Process pre-flight and anomaly governance
Source:vignettes/process-preflight-and-anomaly-governance.Rmd
process-preflight-and-anomaly-governance.RmdScope
This workflow places a data-quality gate before biometric/process modelling. It is designed to protect calibration, DIF, scoring, process-IRT, and deployment analyses from poor signal quality.
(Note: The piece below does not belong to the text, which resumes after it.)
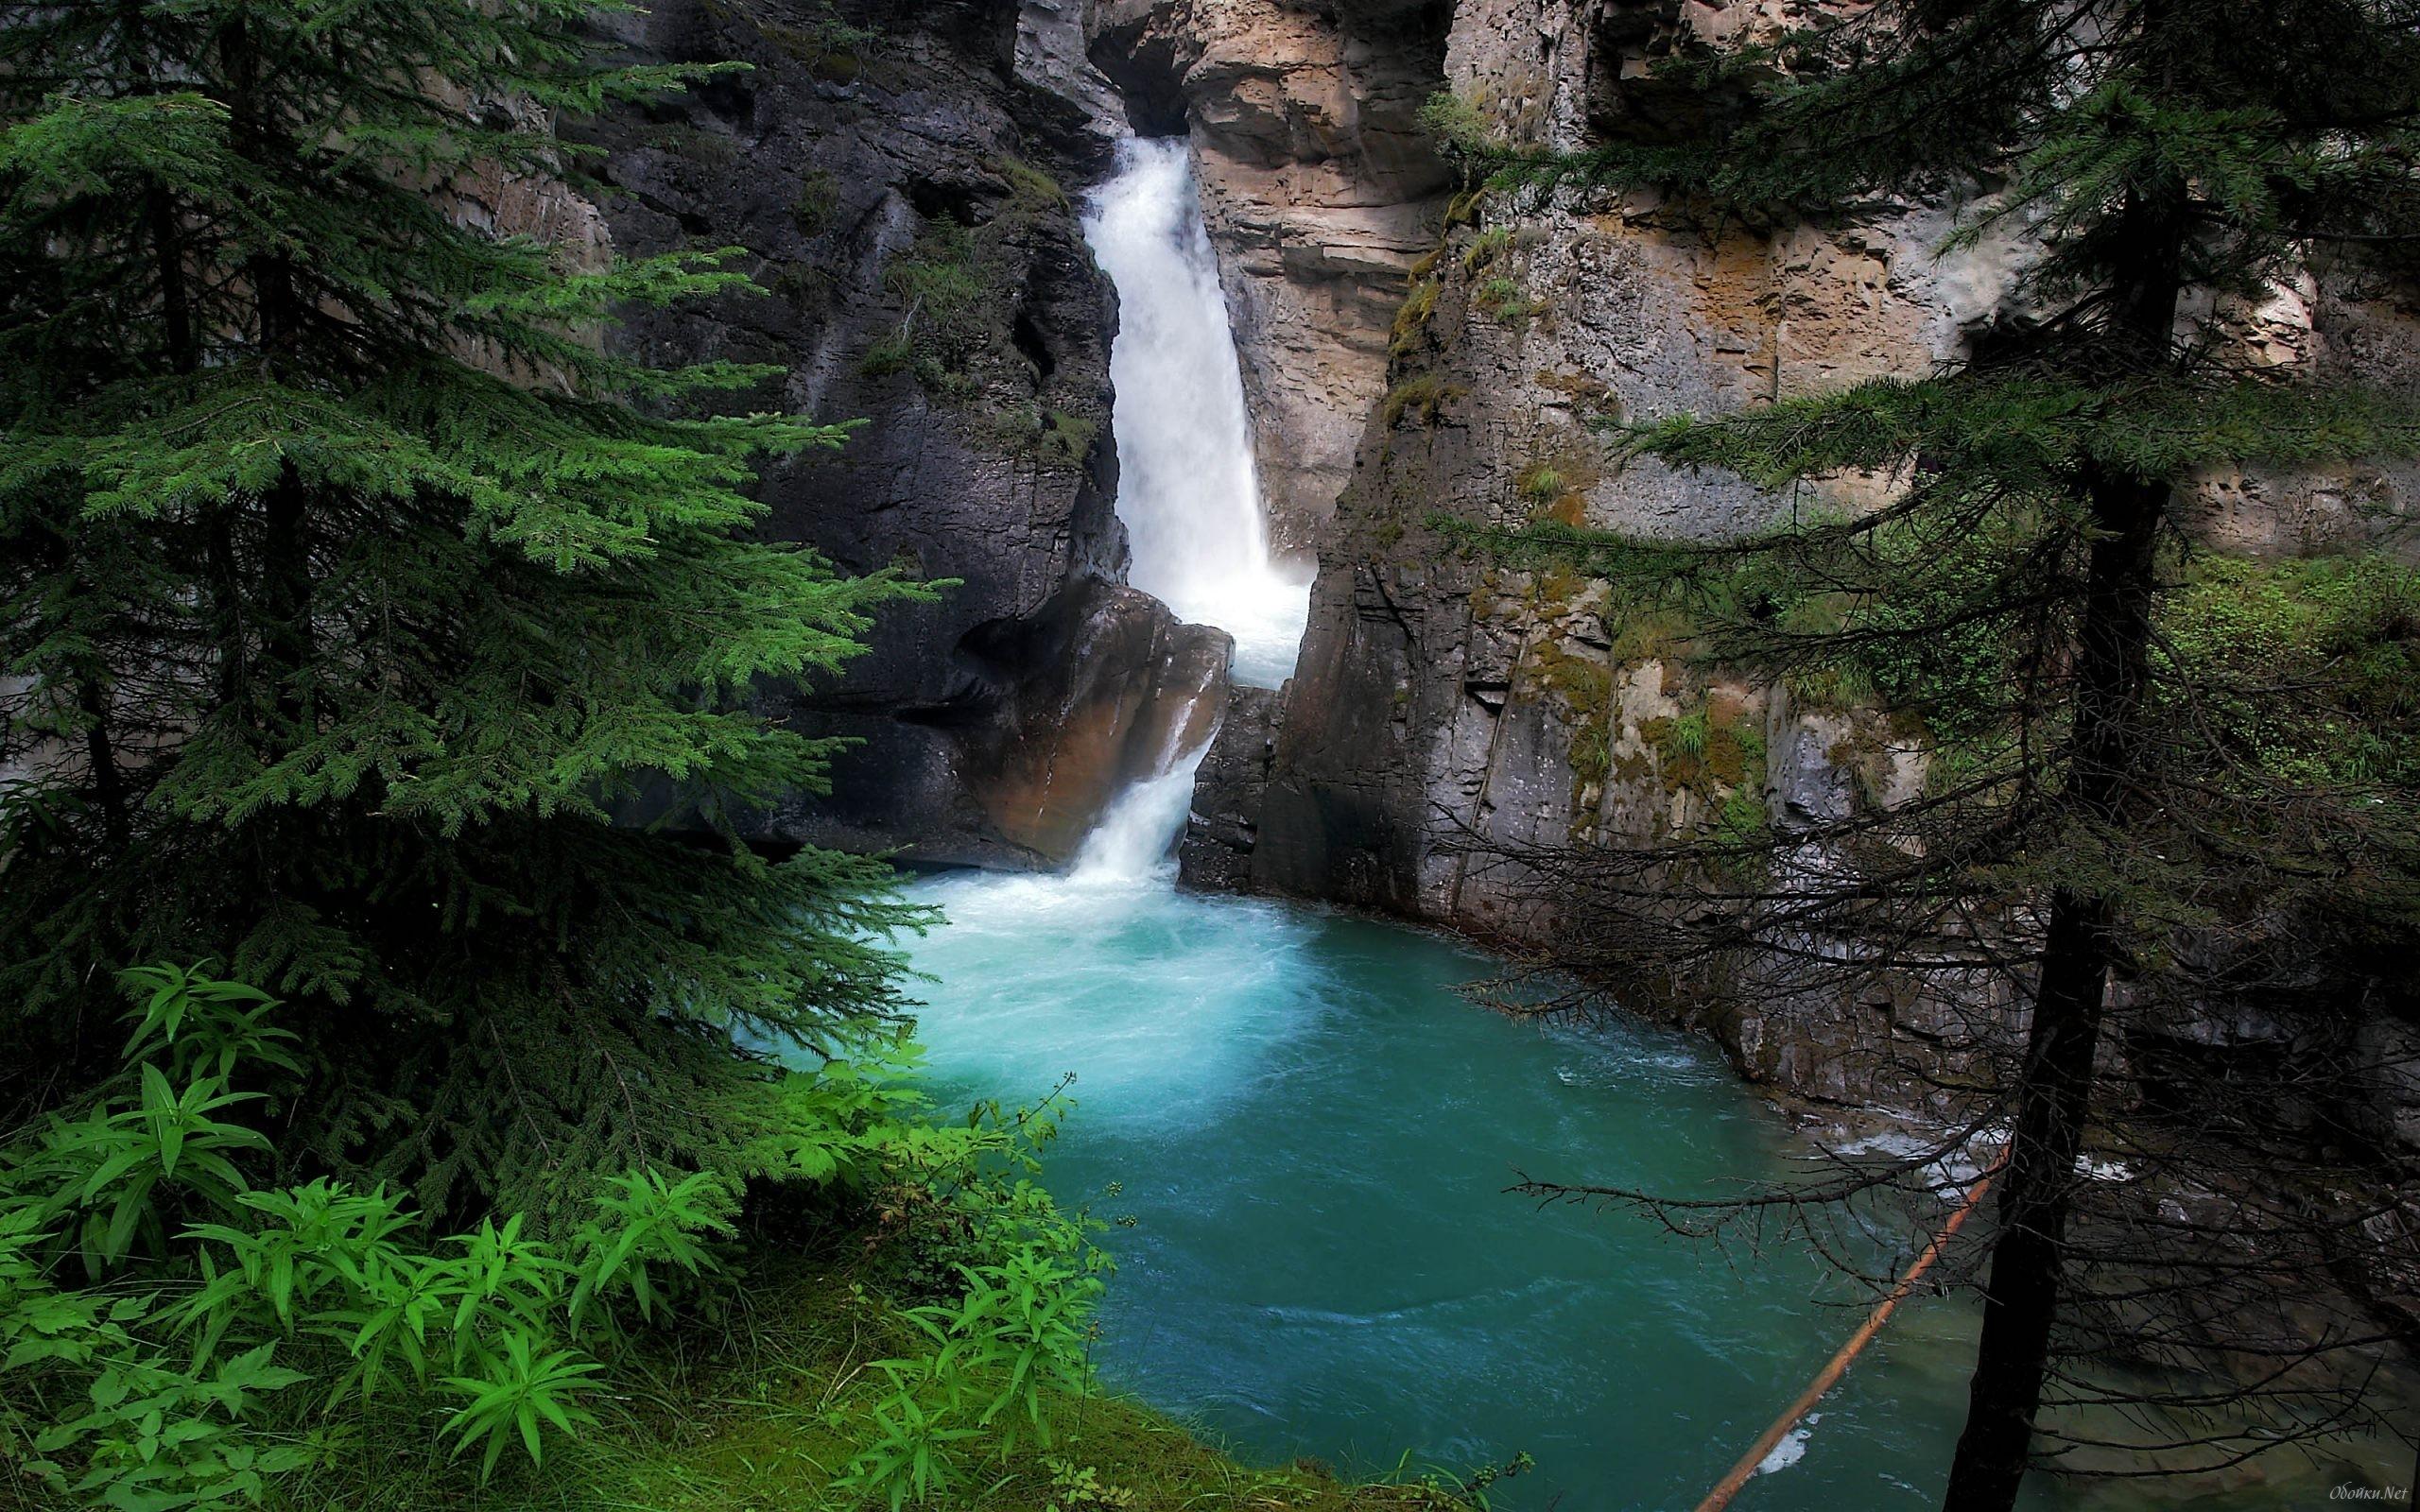 46453 Заставки и Обои Озера на телефон. Скачать Озера, Пейзаж, Природа, Водопады картинки бесплатно

It does not classify motivation, misconduct, diagnosis, or ability.
Pre-flight specification
spec <- process_preflight_spec(
min_gaze_validity = 0.80,
min_pupil_validity = 0.70,
max_gaze_missingness = 0.25,
max_pupil_missingness = 0.30,
min_valid_trial_fraction = 0.70
)
audit <- audit_biometric_preflight(
trial_data,
by = c("person_id", "recording_id"),
spec = spec
)
preflight_decisions(audit)
preflight_failures(audit)
preflight_exclusion_manifest(audit)
plot(audit, type = "heatmap")
plot(audit, type = "decision_counts")No rows are removed automatically.
apply_preflight_decision() performs filtering only when
explicitly requested and records what decision levels were retained.
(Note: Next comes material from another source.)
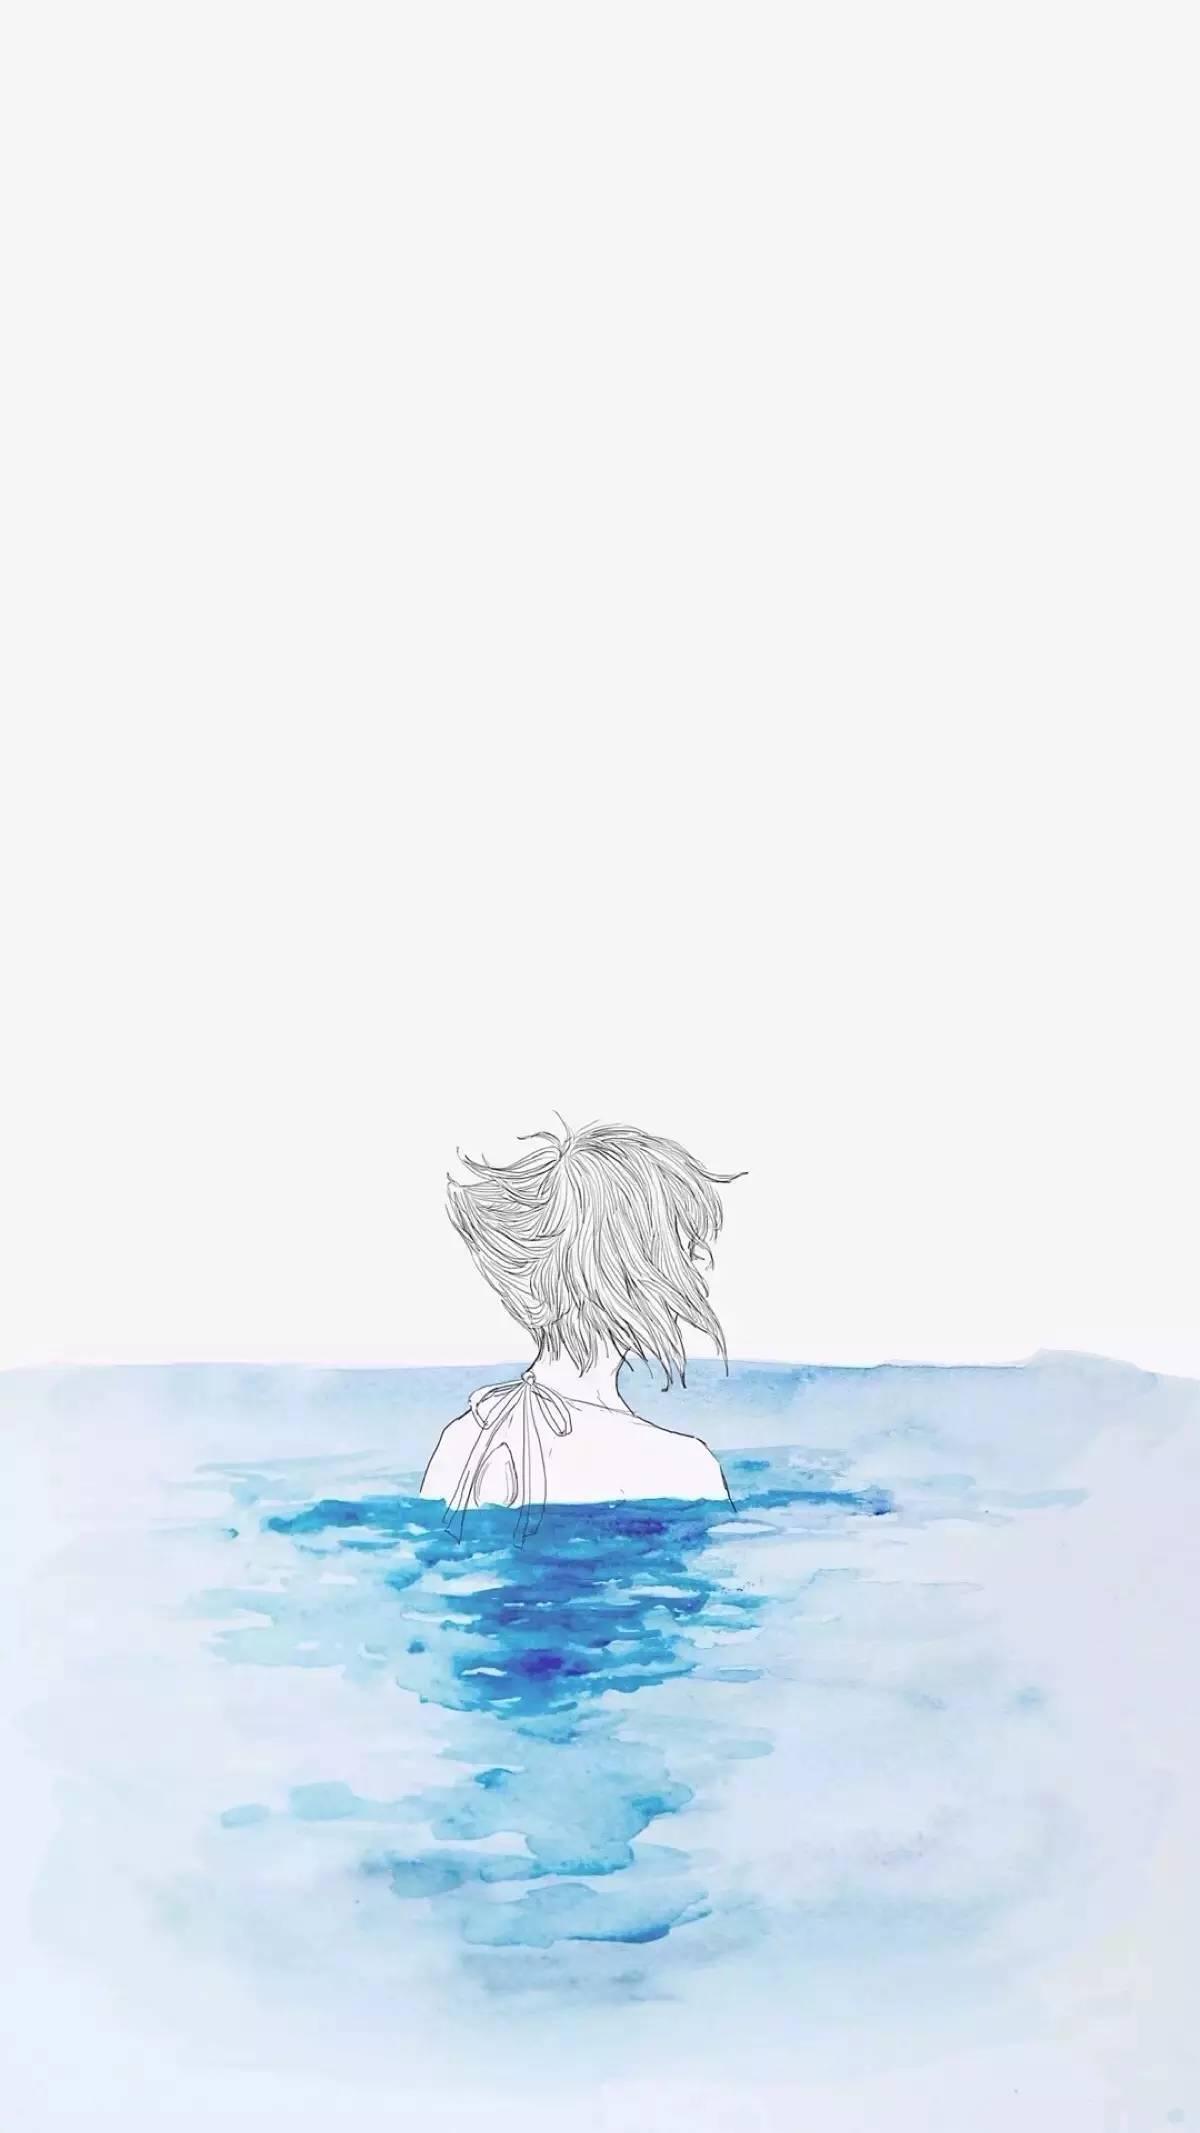 唯美爱情语录带图片_伤感唯美爱情带字图片

Multivariate anomaly review
anomaly <- audit_process_anomalies(
person_process_data,
person = "person_id",
metrics = c("rt_ms", "dwell_ms", "pupil_peak", "valid_gaze_prop")
)
process_anomaly_distance(anomaly)
plot(anomaly)The Mahalanobis distance is a review statistic. A large distance can reflect calibration problems, glasses, lighting, tracker loss, atypical viewing, or other benign causes.